Mais, cher lecteur, voudrait-Il m’avoir comme un pécheur avec tous mes péchés ? Non, cela ne peut se faire. Ce ne serait pas la justice. Ne dois-je pas avoir une justice ? Oui, mais jusqu’ici, c’est seulement la grâce, Sa grâce cherchant le pécheur, pour lui donner une justice ; c’est pourquoi Il dit : « Qui montera ? », ou « qui descendra ? » (Rom. 10, 6, 7). Ce n’est pas si loin, « la parole est près de toi ». Christ non seulement est venu vers moi, quand j’étais dans mes péchés, mais Il est venu afin de mourir pour mes péchés, et Il m’apporte la grâce parfaite là où je suis. Il est mort, et a glorifié Dieu, l’œuvre étant achevée, complètement achevée, sur la croix, entre Lui et Dieu seul, selon la sainteté et la justice de Dieu. Tout ce que j’étais comme pécheur a été réglé parfaitement, Dieu ayant affaire avec mes péchés et avec moi-même : « Christ a été fait péché pour nous » ; « il a porté nos péchés en son propre corps sur le bois », Lui qui, « ayant fait par lui-même la purification des péchés, s’est assis à la droite de la majesté dans les hauts lieux ». Il est maintenant assis à la droite de Dieu. Je vois par là que tout est finalement et entièrement réglé pour toujours.

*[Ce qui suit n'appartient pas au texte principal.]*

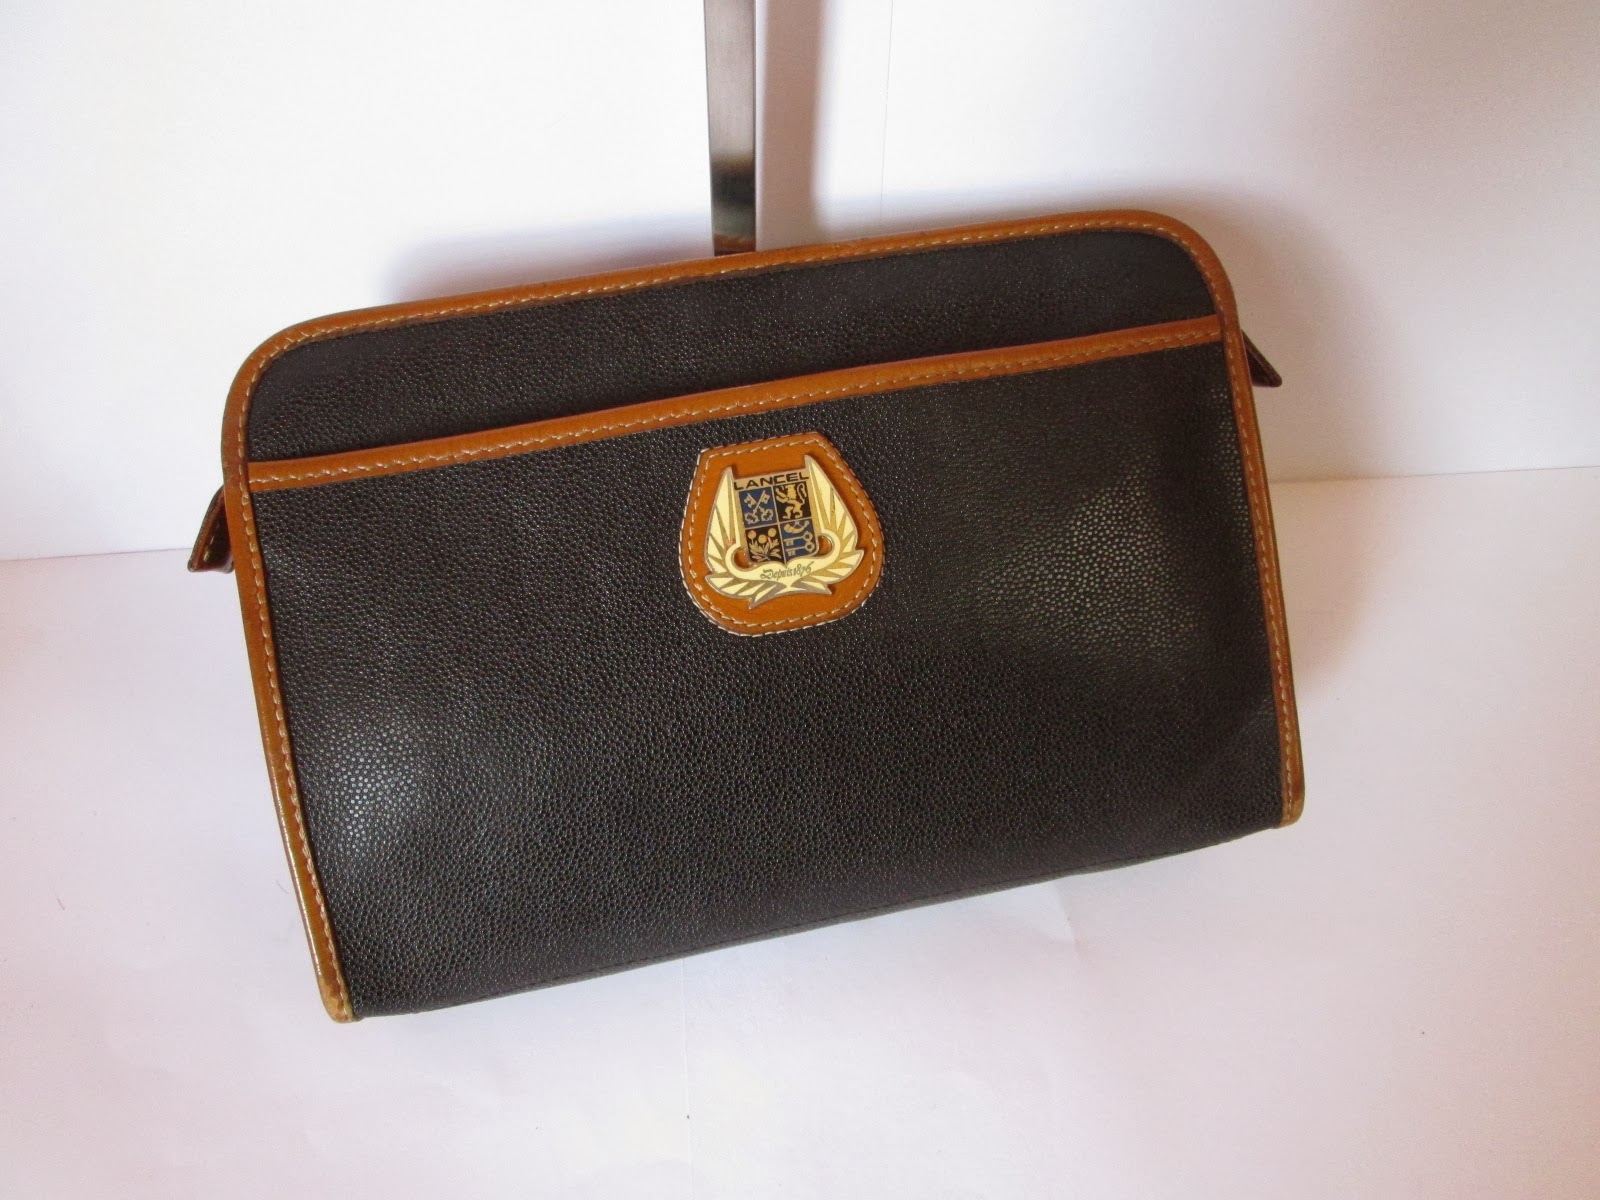 d0rayakEEbaG: Authentic LANCEL Paris Clutch bag(SOLD)

Le père va au-devant du fils prodigue, alors que celui-ci est dans ses haillons ; mais il ne peut pas entrer ainsi dans la maison ; il est d’abord revêtu de la plus belle robe, puis introduit dans la maison parfaitement propre pour y entrer. Dieu donne une perfection qui rend propre pour le ciel (Col. 1, 12). La possédez-vous ? Sinon, comment pouvez-vous aller au ciel ? Mais Christ, n’a-t-Il pas pu y aller ? Oui. Eh bien ! avez-vous Christ ? Il est là, et ainsi, pour y aller, il faut que ce soit par la foi, simplement, absolument, uniquement, sinon, il y aurait quelque chose de moi. Je dois avoir, non pas un bon sentiment, non pas une bonne œuvre, mais simplement Christ.

Mais ne dois-je pas le sentir ? Si un homme a payé mes dettes, et que de plus il ait placé à mon usage une fortune immense à la banque, je dois naturellement le sentir, mais qu’ont à faire mes sentiments avec la fortune qui m’est laissée ? Qu’ont à faire mes sentiments avec la justice ? Christ est là, au ciel, agréé de Dieu, à cause de l’œuvre qu’Il a accomplie, et c’est là ce qu’il me faut. La justice a été montrée en ceci, savoir que Christ est assis à la droite de Dieu. La justice est là, et il n’y a pas de justice ici-bas. Le seul homme juste dans ce monde en a été rejeté et chassé. Dieu L’a pris hors du monde ; Il m’en sort aussi, et me dit : La justice est là à ma droite. Là est ma justice.

On me dit : Votre foi est chose bien aisée ! En est-il vraiment ainsi ? Quand nous voulons faire de bonnes œuvres, c’est très aisé, mais non pas lorsque nous trouvons que nous ne pouvons en faire aucune. Il n’est pas très aisé de se dire : Si je ne suis pas sauvé comme un misérable mendiant, je ne suis pas sauvé du tout ; ou bien : Je n’ai rien, et tout est pure grâce. Rien n’est plus difficile à l’orgueil du cœur humain que de dire : Il n’y a que Christ, et c’est tout. L’orgueil vient, et dit : non seulement il faut que je fasse, mais je dois et je puis faire.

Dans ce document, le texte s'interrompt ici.